30 years average annual rainfall data from: 30-Year (1990-2019) Annual Average of DAYMET Precipitation and Temperature for North America https://doi.org/10.5066/P9E0JZ82

import rasterio
from rasterio.transform import rowcol

rain_tif = "./rainfall-data/PPT9019.tif"

with rasterio.open(rain_tif) as src:
    # Transform lon/lat (EPSG:4326) -> raster CRS (NAD83 / Albers)
    tf = Transformer.from_crs("EPSG:4326", src.crs, always_xy=True)
    xs, ys = tf.transform(landslides_gdf["lon"].values, landslides_gdf["lat"].values)

    # Identify which transformed points fall inside the raster bounds
    b = src.bounds
    in_bounds = (
        (xs >= b.left) & (xs <= b.right) &
        (ys >= b.bottom) & (ys <= b.top)
    )

    # Prepare output array, default to NaN
    vals = np.full(len(xs), np.nan, dtype="float64")

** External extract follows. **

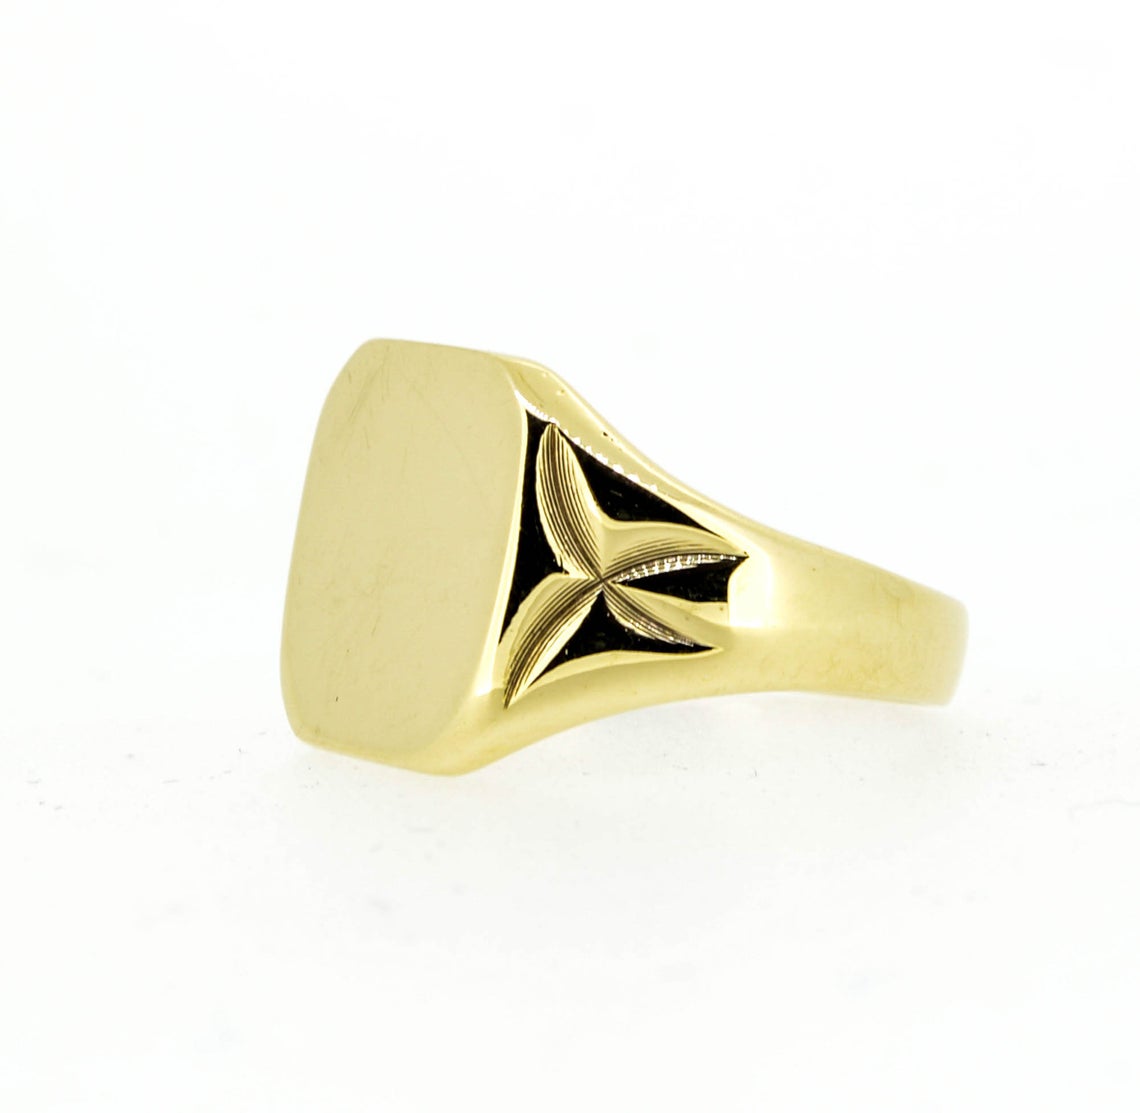 Vintage Gents 9ct Gold Heavy Signet Ring

    # Sample only the points that are in-bounds
    coords_in = np.column_stack([xs[in_bounds], ys[in_bounds]])
    if len(coords_in) > 0:
        sampled = list(src.sample(coords_in))  # each is an array of band values
        sampled = np.array([s[0] for s in sampled], dtype="float64")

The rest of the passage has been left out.